Keep in mind that it may be 5% over X time or Y frames, but it might be 20%+ for a single frame or a few frames. IE - enough to prevent there being a serious hiccup or judder that might have happened if you didn't have VRS.

Average framerate is a very imprecise method with which to judge how effective any given technique is, especially if it's use is to provide a smoother and more consistent frametime. In this case it wouldn't even matter if it lead to 0% improvement in frame rendering times 90% of the time if it provided significant improvements in the most problematic 10% of times.

To do the same thing without VRS you would need to degrade the entire screen instead of just a portion of it in order to prevent those problematic performance hiccups.

Regards,
SB
 
I’ve seen enough profiled games to know that low occupancy on my 3090 is a common problem and isn’t unique to Starfield.
Regarding the subject of Occupancy, I was watching a dev talk about it (timestamped), and he explains some interesting facts.
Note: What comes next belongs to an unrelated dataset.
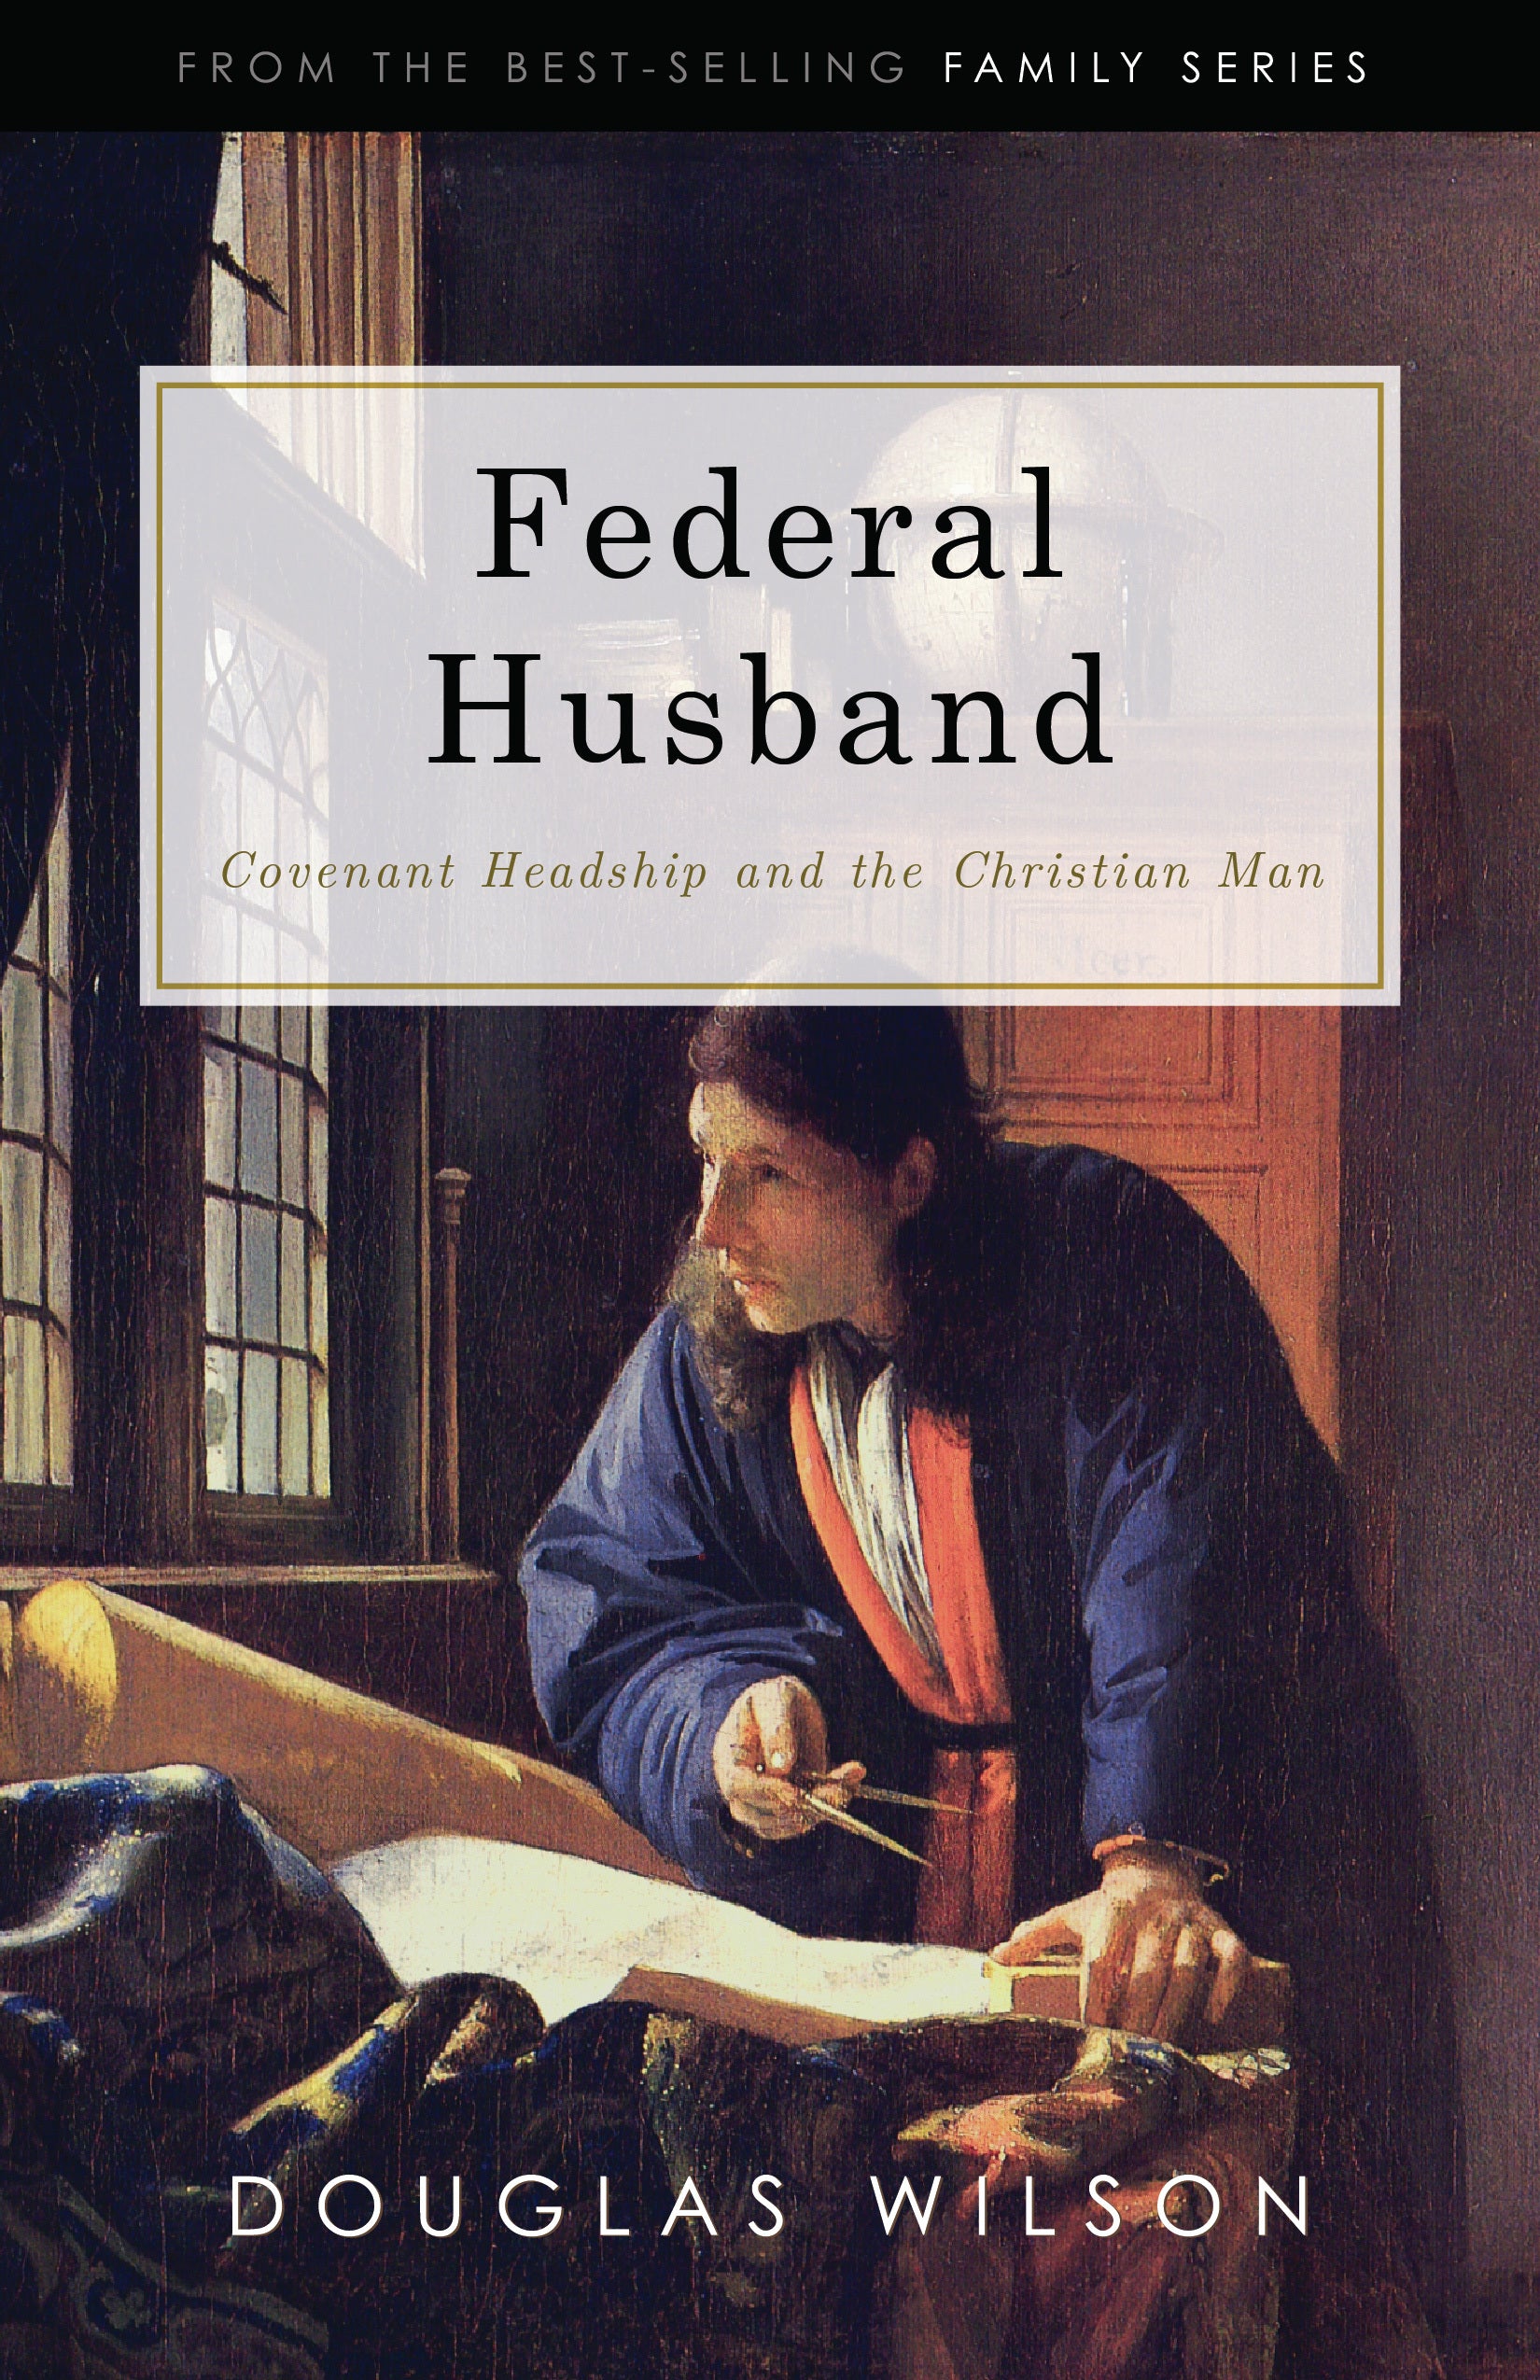 Federal Husband: Covenant Headship and the Christian Man
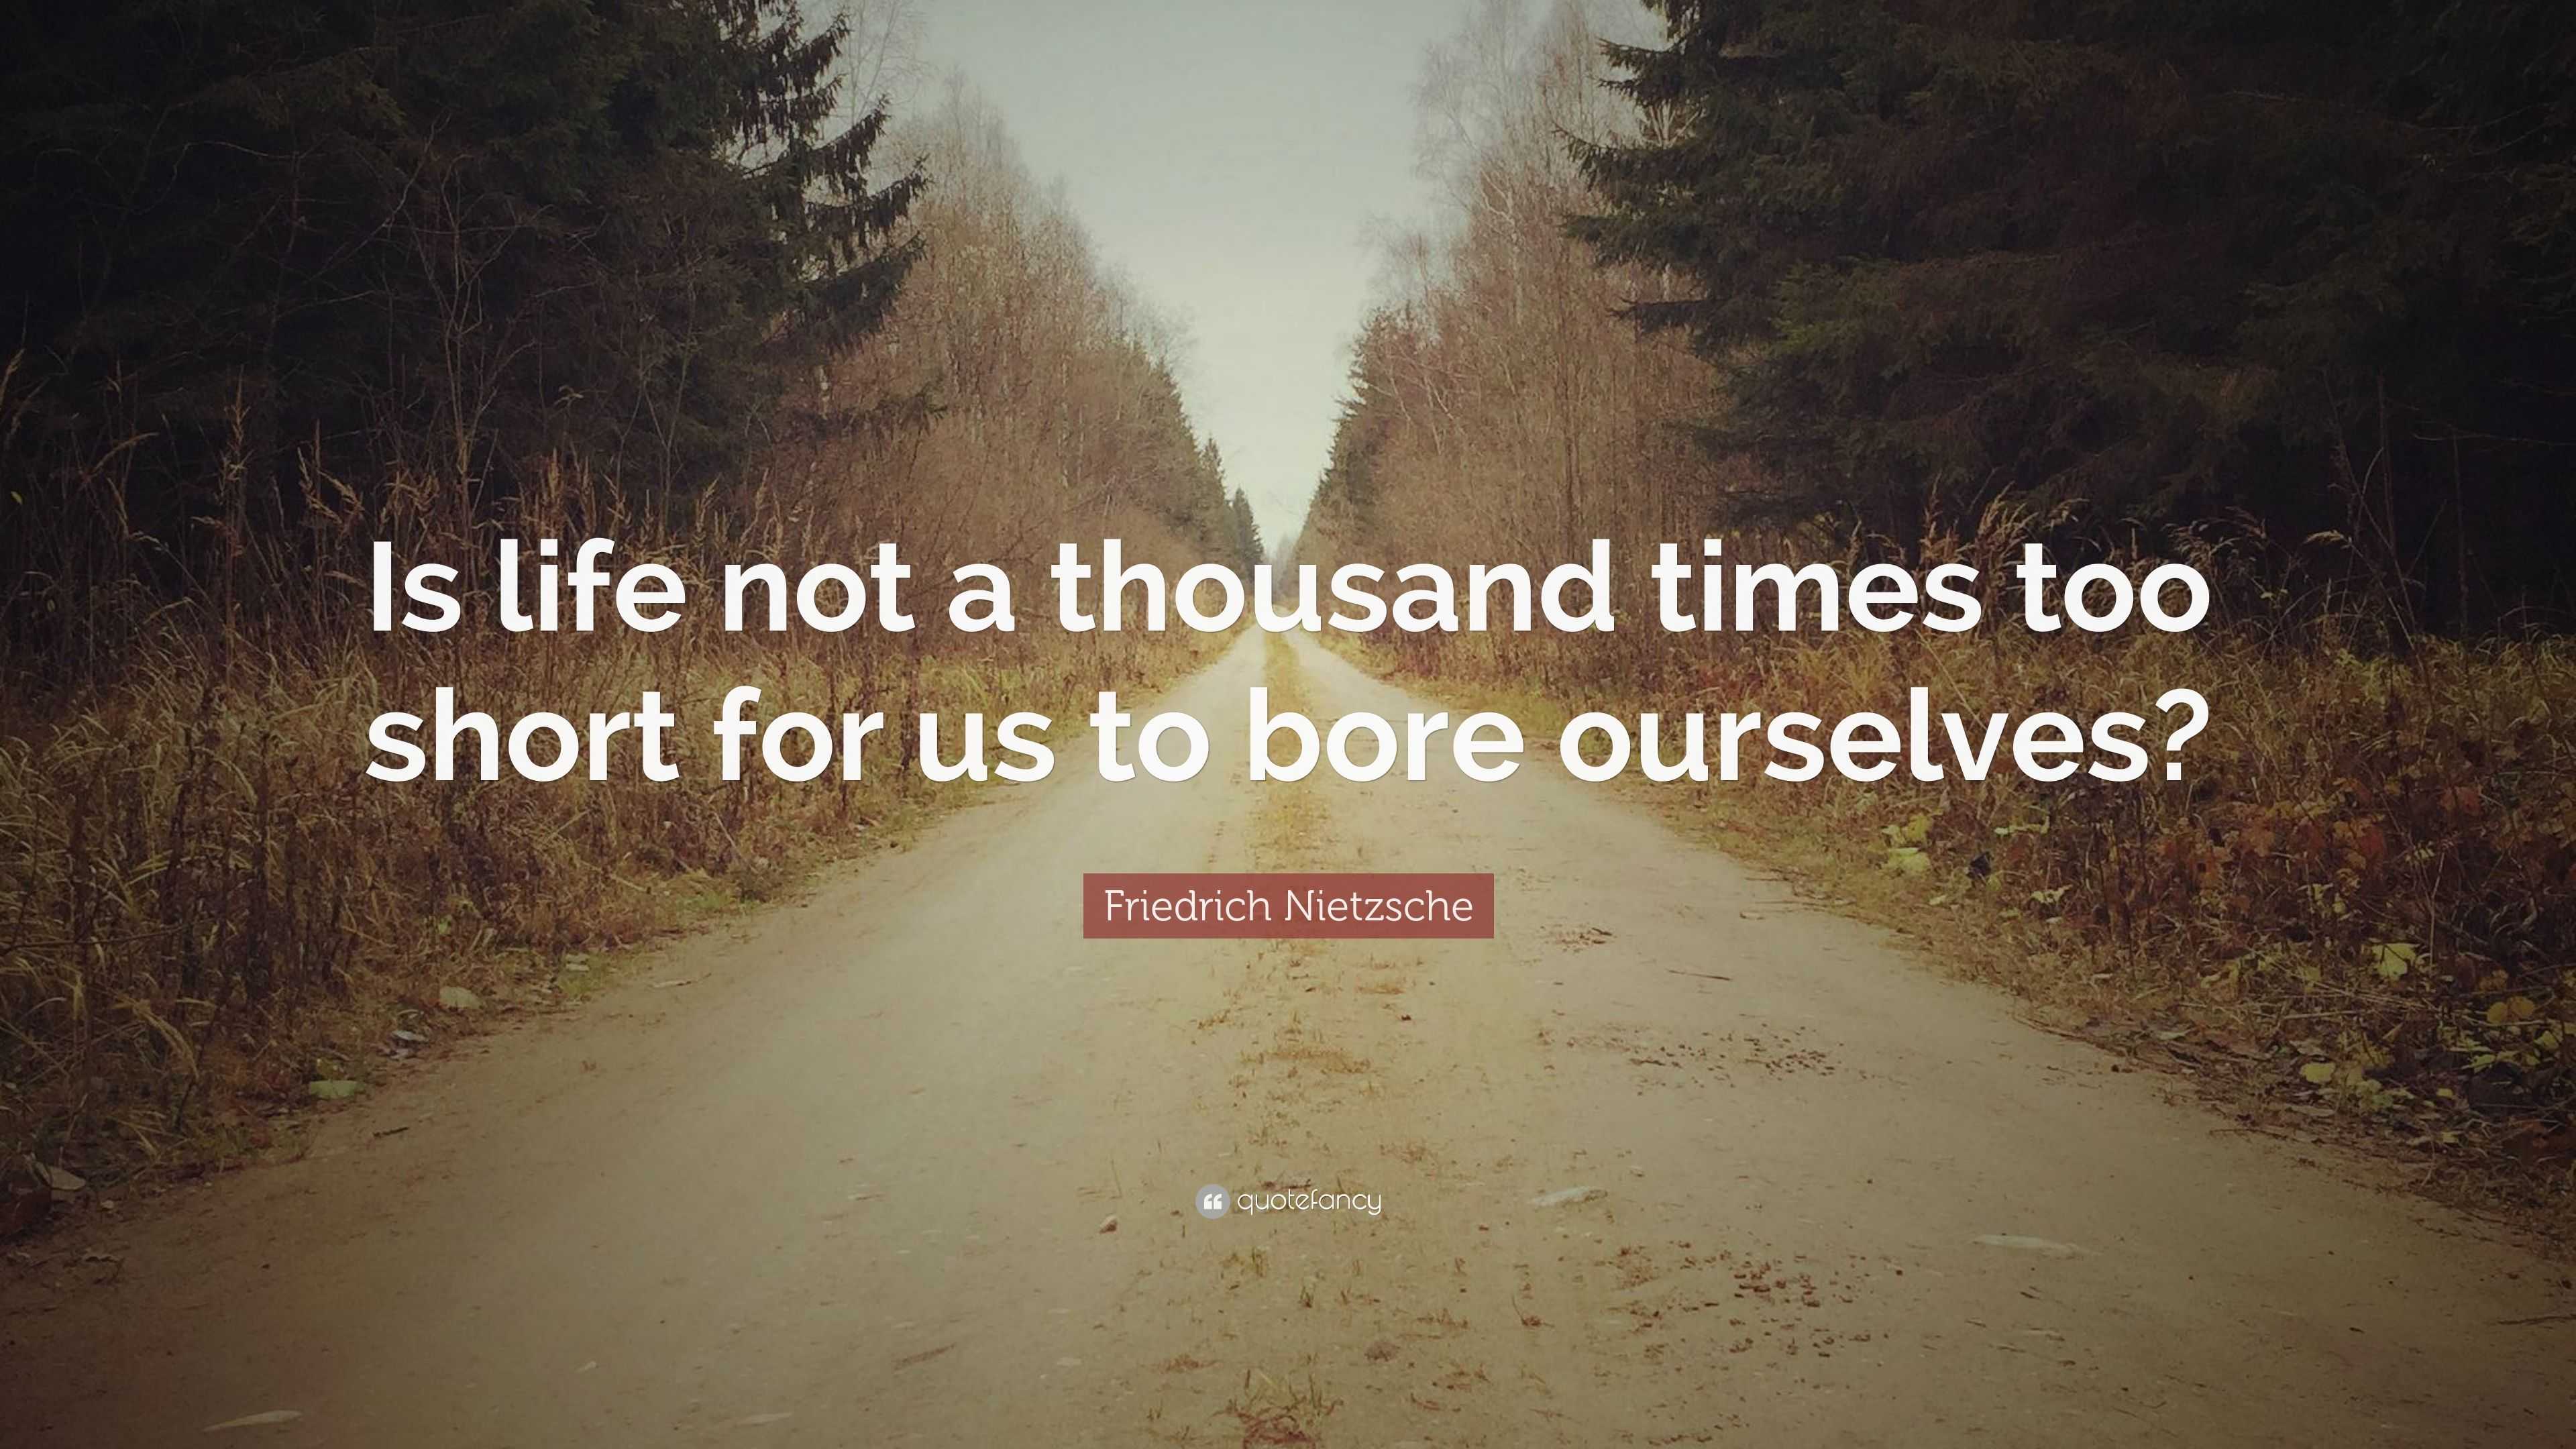 Friedrich Nietzsche Quote - Is life not a thousand times too short for us  to bore ourselves? - Philosophy Art Print for Sale by Styrman

Basically, occupancy is not the end goal, it's just a tool to hide latency, it's how many waves you can load on a single CU, but too many waves (high occupancy) can compete for caches and memory controller (memory loads), thus massively reducing performance. Some platforms actually allow the developer to reduce and control the occupancy rate to boost performance.


There is also this blogpost from a developer talking about occupancy, and in summary he concludes that low occupancy isn't always a bad thing and high occupancy is not always a good thing. You need to optimize the occupancy rate best suited for your resources.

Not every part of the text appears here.